Clinical and economic consequences of a reimbursement restriction of nebulised respiratory therapy in adults: direct comparison of randomised and observational evaluations

Abstract

Objective To compare the results of a randomised and an observational evaluation of the same policy that restricted reimbursement for nebulised respiratory medications in adult patients in a community setting. Designs Cluster randomised controlled trial and observational time series with historical controls. Setting Pharmacare, the government funded drug benefits plan for elderly people and patients receiving social assistance in British Columbia, Canada.
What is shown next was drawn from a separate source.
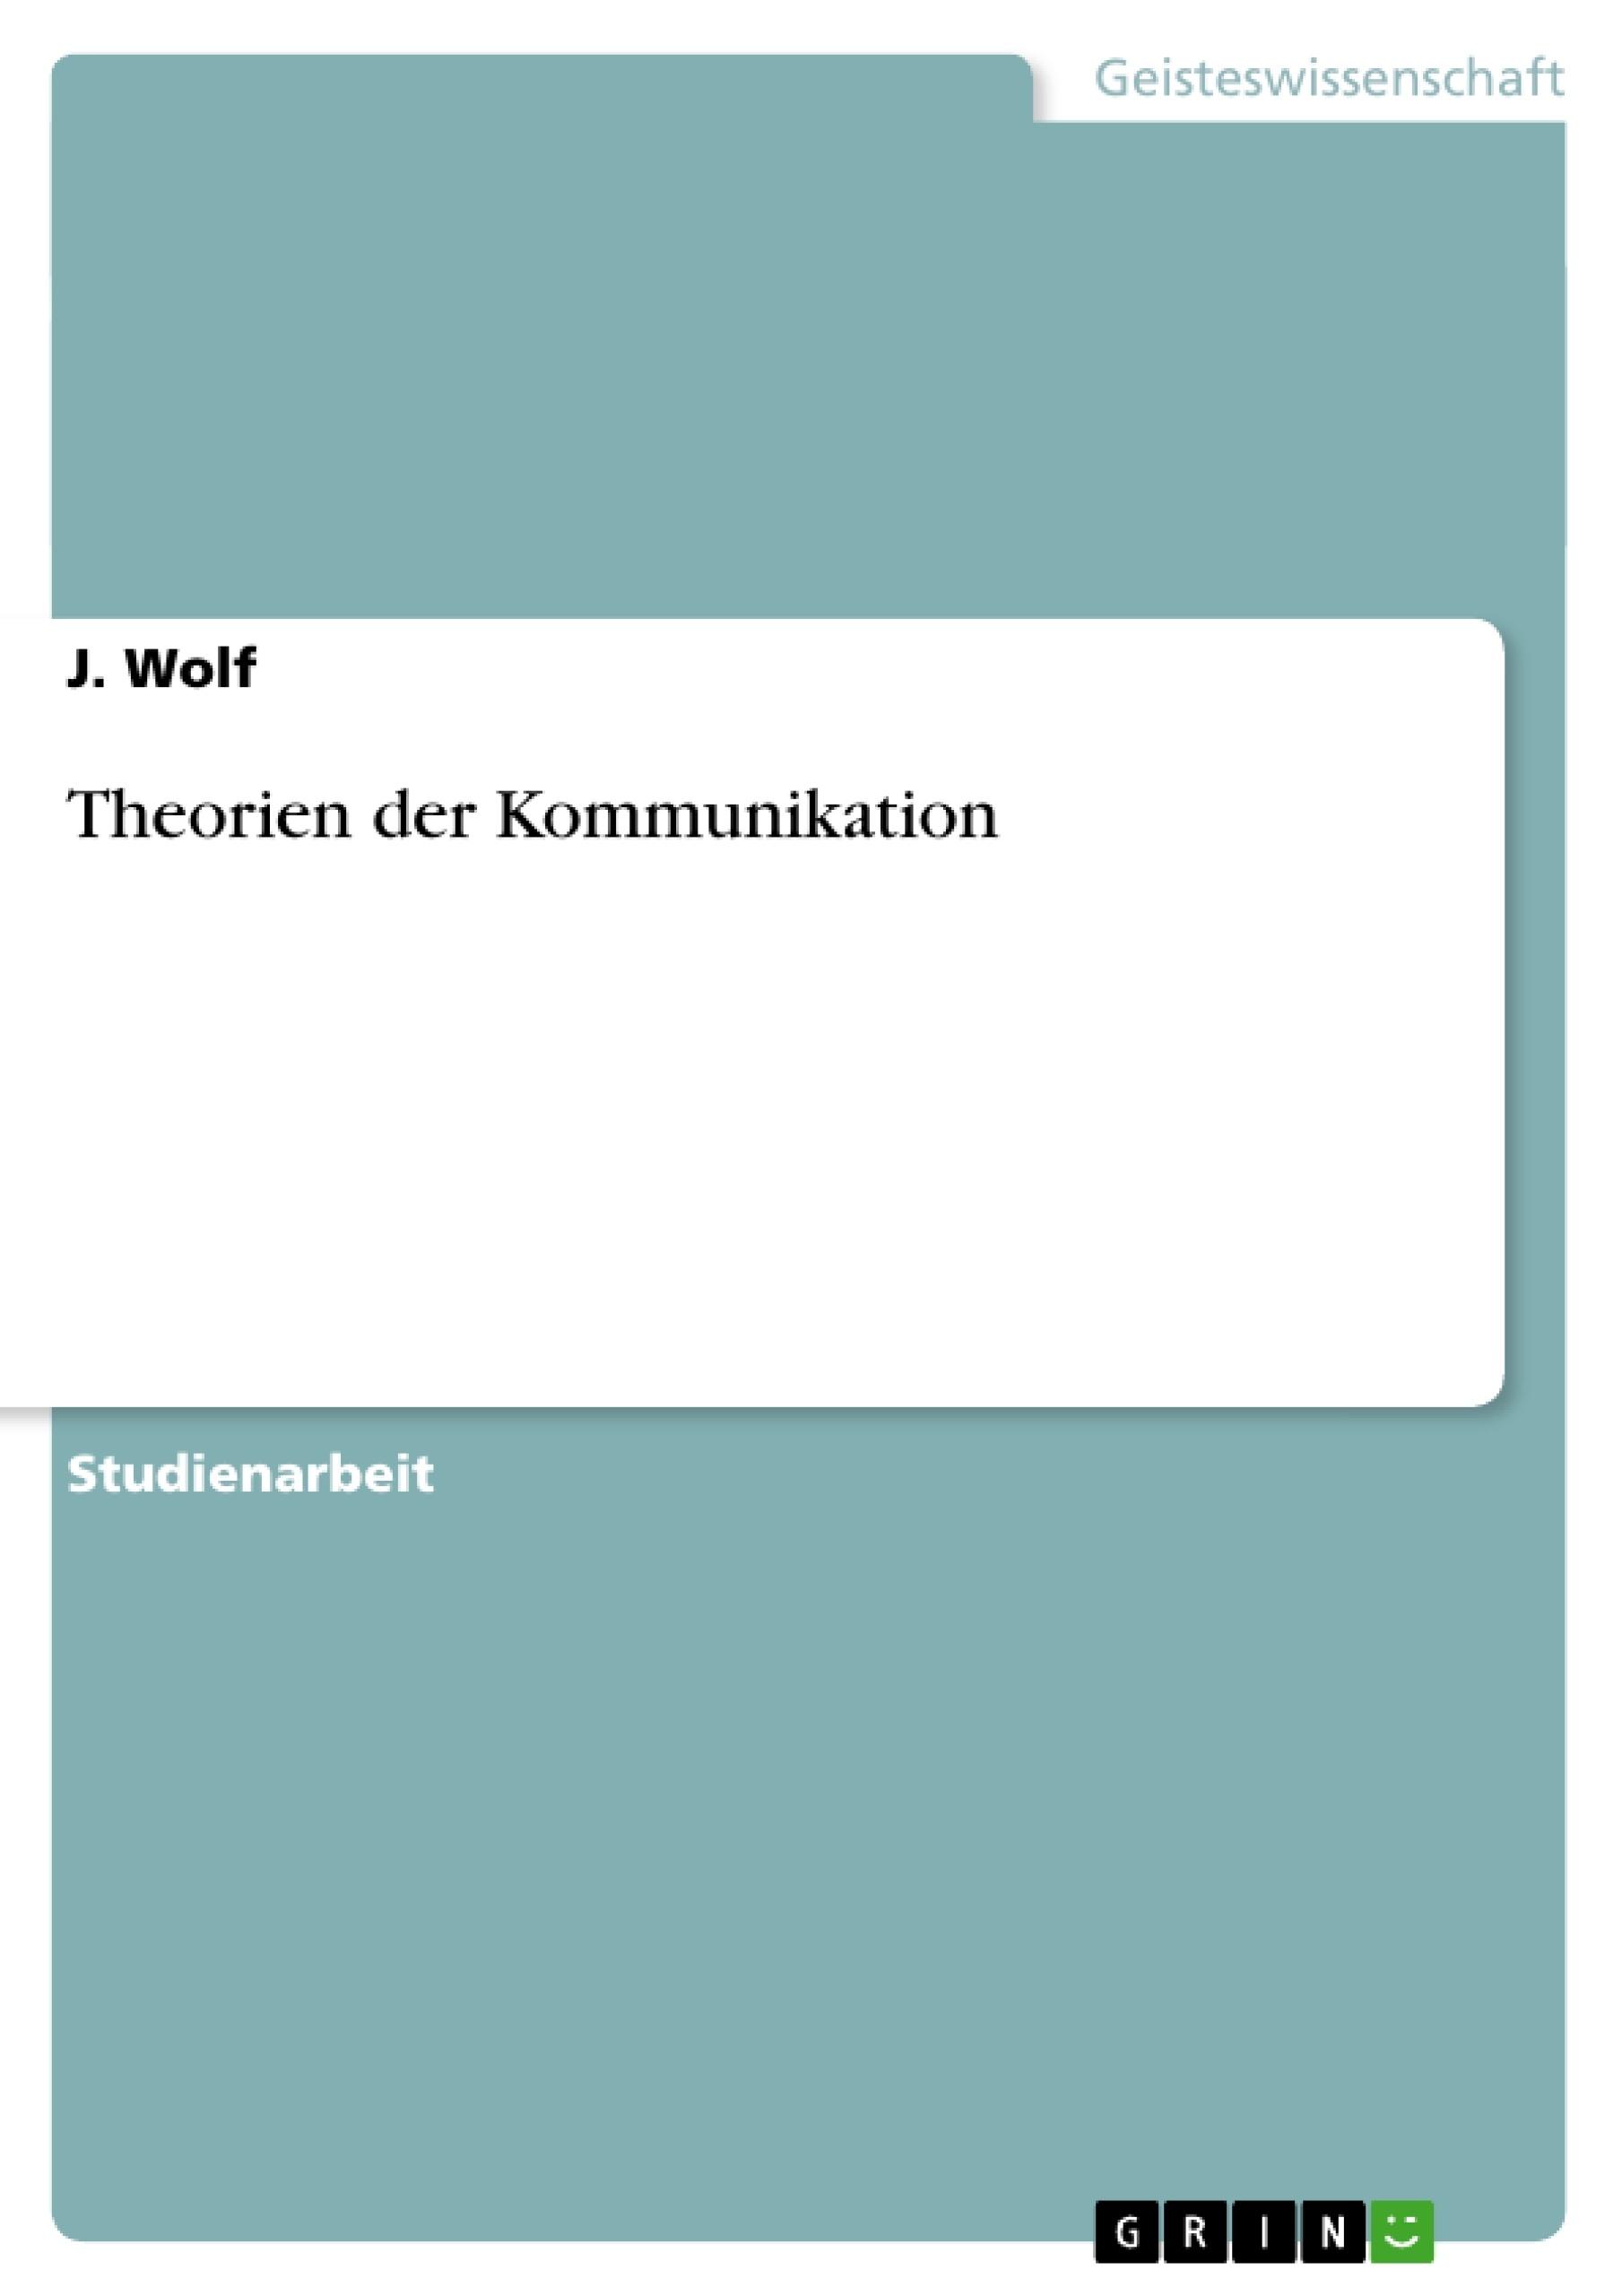 Titel: Theorien der Kommunikation

Participants In the randomised controlled trial 104 clusters of medical practices, pair matched by geography and approximately by practice size, were randomised to the intervention group (449 patients affected by the policy on 1 March 1999), and the control group (offered a six month exemption, affecting 386 patients). The observational analysis included all Pharmacare beneficiaries (excluding the 386 exempt patients) who had used any nebulised drugs six months before the policy (4624 patients). Intervention Pharmacare restricted reimbursement for nebulised bronchodilators, steroids, and cromoglycate to patients whose doctors applied for an individual patient's exemption, giving an appropriate clinical reason. Main outcome measures Number of contacts with doctors and services, emergency admissions to hospital, and utilisation of and expenditure for respiratory drugs in databases of British Columbia's Ministry of Health. Results Contacts with doctors or emergency admissions to hospital did not increase in association with the restriction, regardless of the analytical approach. In the observational analysis, we found a reduction of $C24 per patient month in all nebulised drug use (95% confidence interval 19 to 29) and an increase of $C3 per patient month in all expenditure for inhalers (1.4 to 4.5). The randomised evaluation found savings of $C8 per patient month for nebulisers (P = 0.24) and no increase in spending on inhalers (P = 0.79). Correcting for 60% non-compliance by exempt doctors in a sensitivity analysis yielded similar results as the observational evaluation. Conclusions Observational as well as randomised analyses found moderate net savings and no increase in unintended healthcare outcomes after restricting reimbursement for nebulised respiratory drugs. Randomised policy trials are feasible and, if carefully implemented, likely to be concordant with observational evaluations.